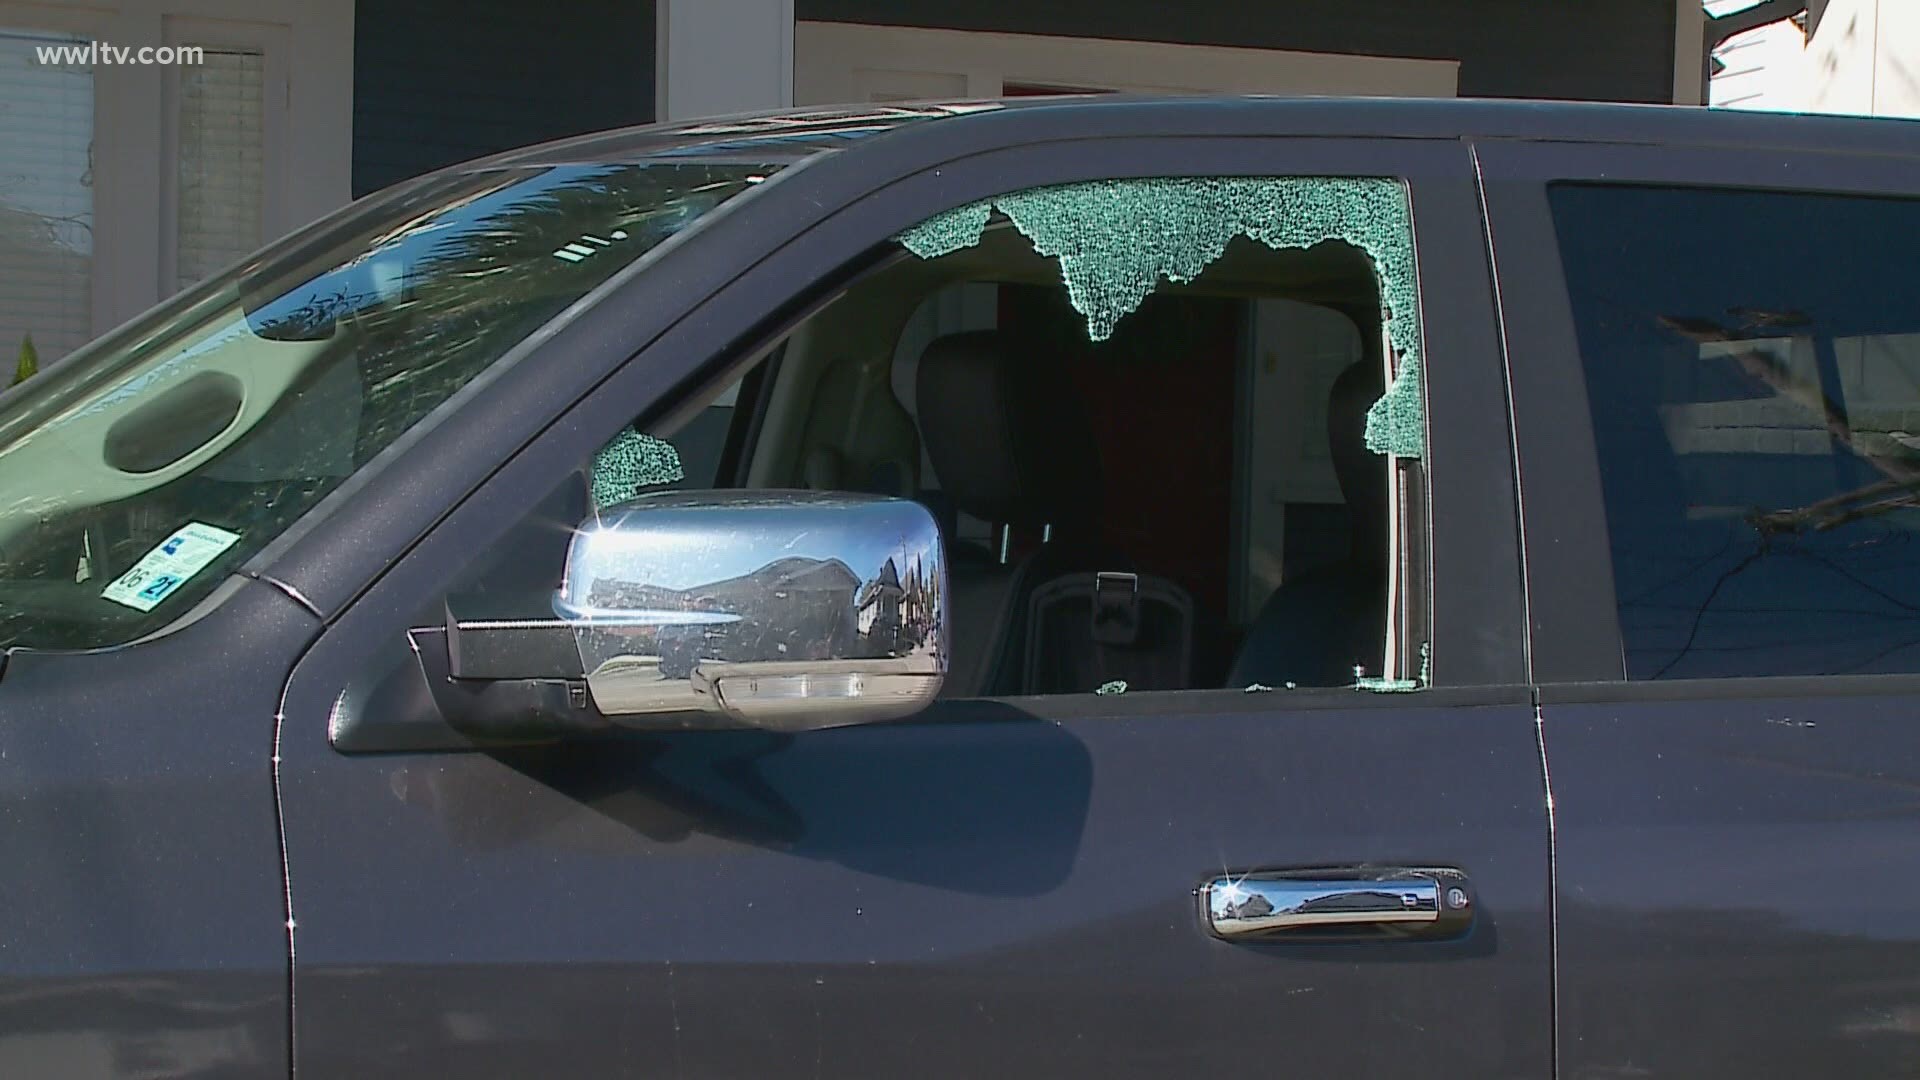 Two city councilmembers are frustrated and want to put a stop to the car break-ins after family along with many other became a victim of the crime.
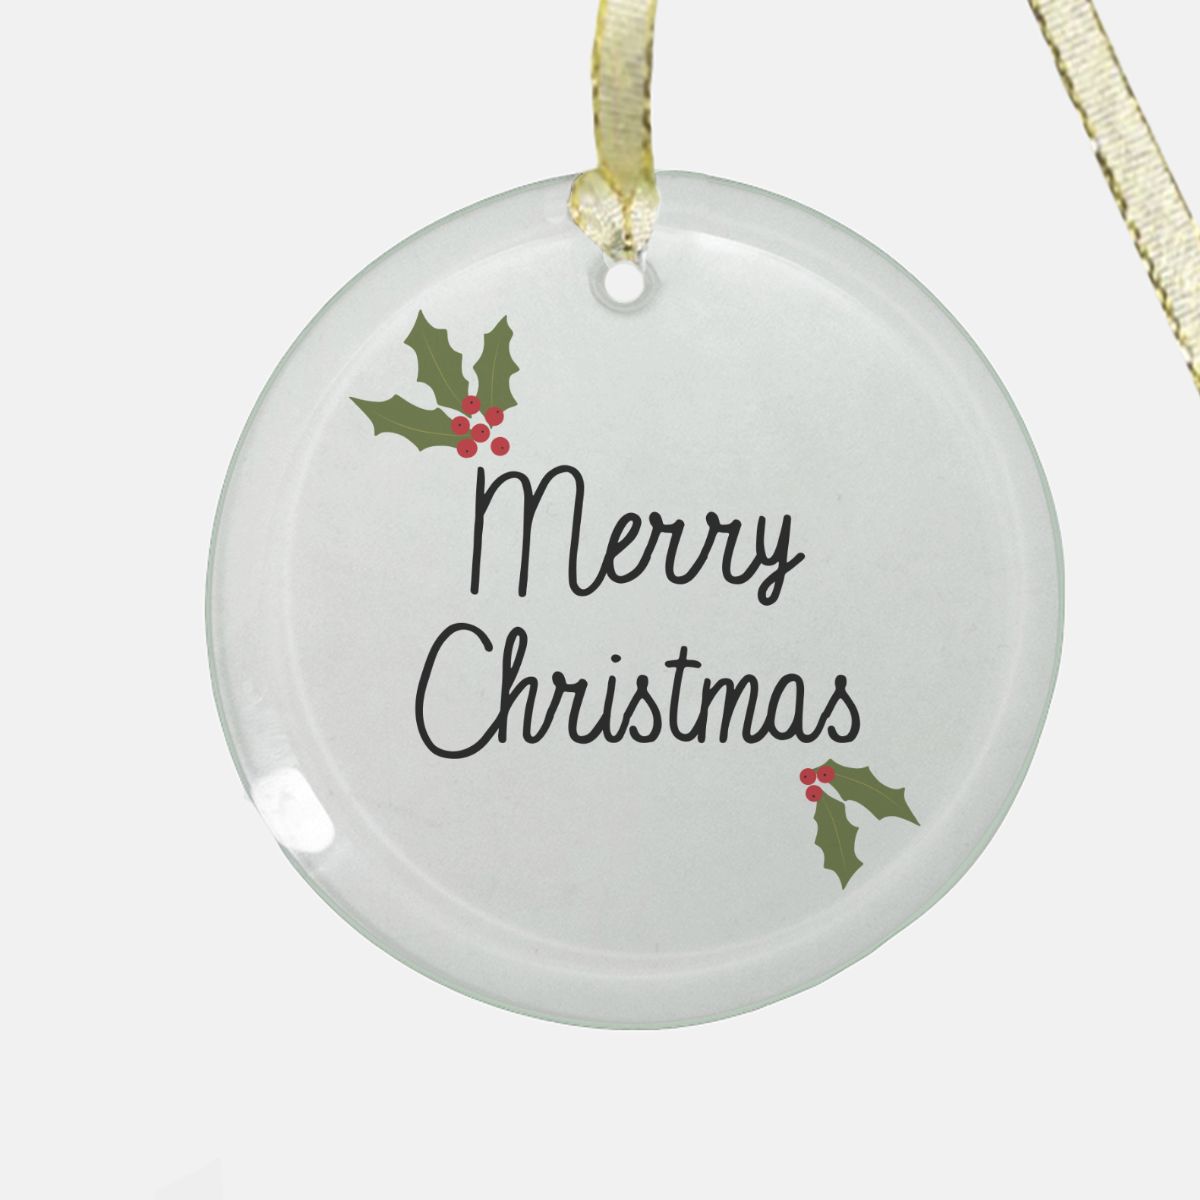 Round Clear Glass Holiday Ornament - Holly Merry Christmas
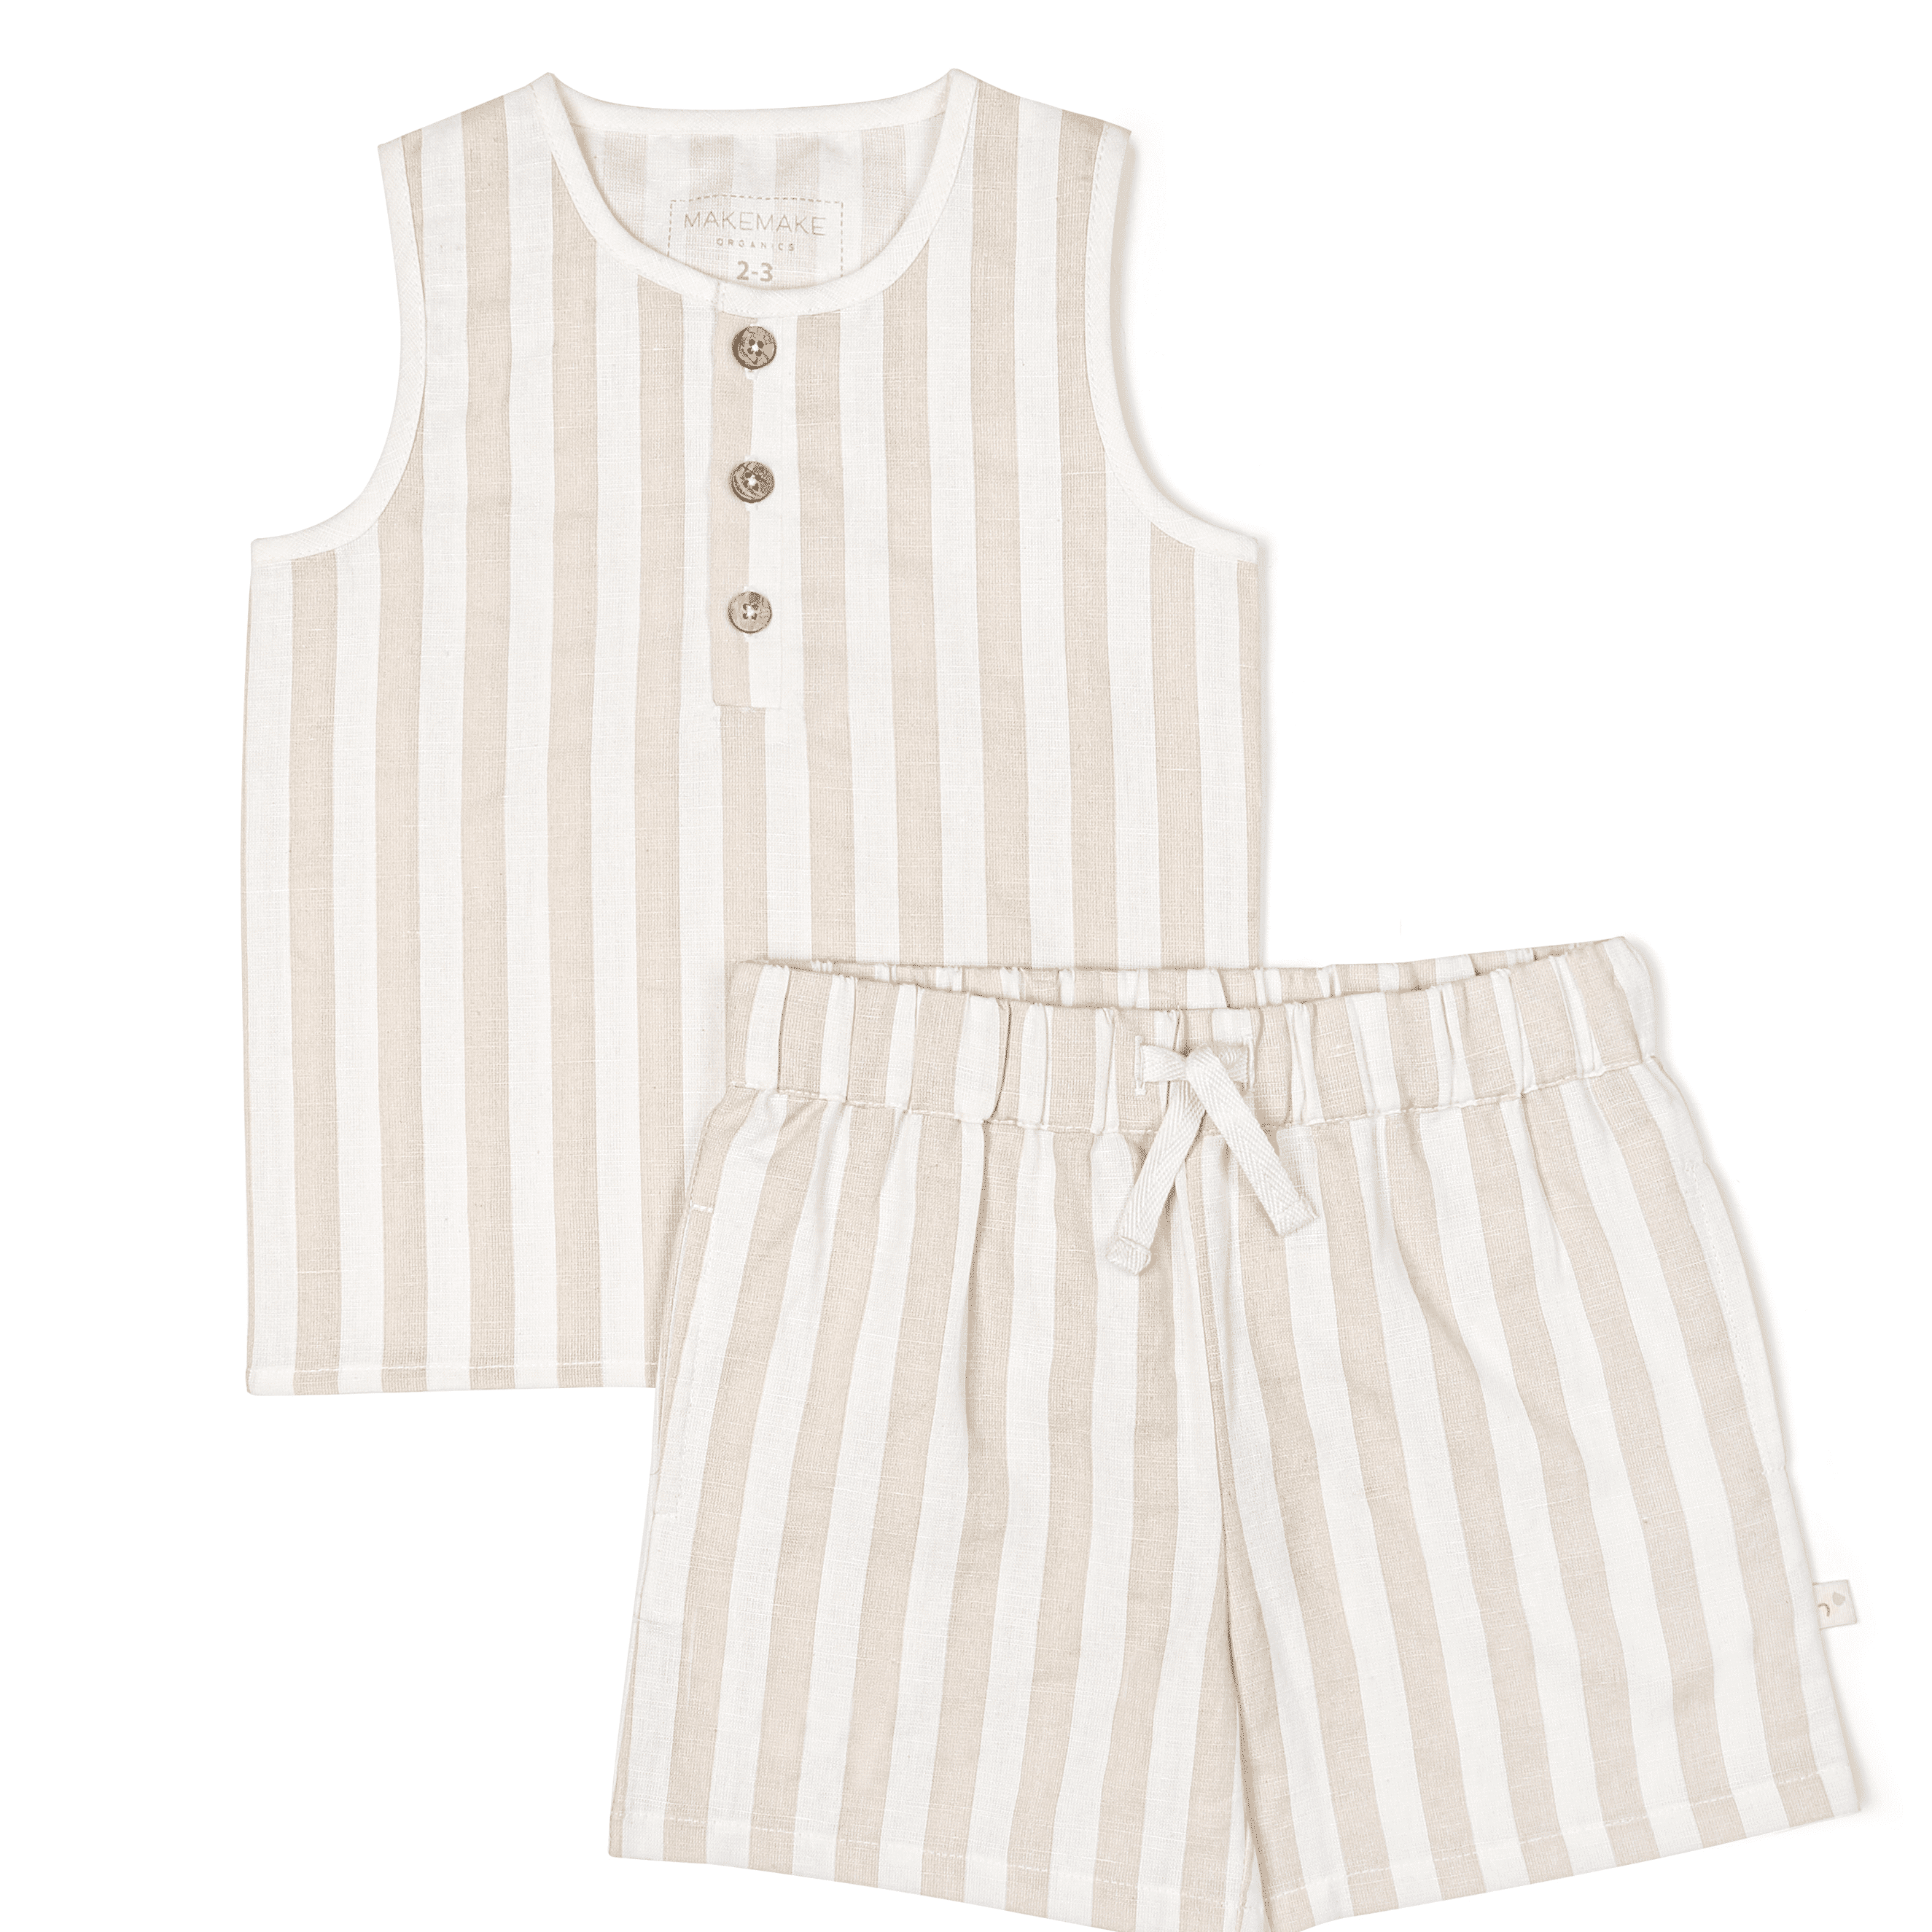 A beige and white striped toddler's outfit consisting of a sleeveless top with three buttons and matching shorts with a drawstring waist, displayed on a plain background, Makemake Organics' Organic Linen Tank and Shorts Set in Beige Stripes.

◆ ◆ ◆

▸ **DIRECTIONS FOR THIS TASK**
Line by line and exactly, reproduce the span from the line with "Round Clear Glass" through the end of the data above, both ends included, with pictures left out.

▸ **RESPONSE TO THE TASK**
 Round Clear Glass Holiday Ornament - Holly Merry Christmas
 A beige and white striped toddler's outfit consisting of a sleeveless top with three buttons and matching shorts with a drawstring waist, displayed on a plain background, Makemake Organics' Organic Linen Tank and Shorts Set in Beige Stripes.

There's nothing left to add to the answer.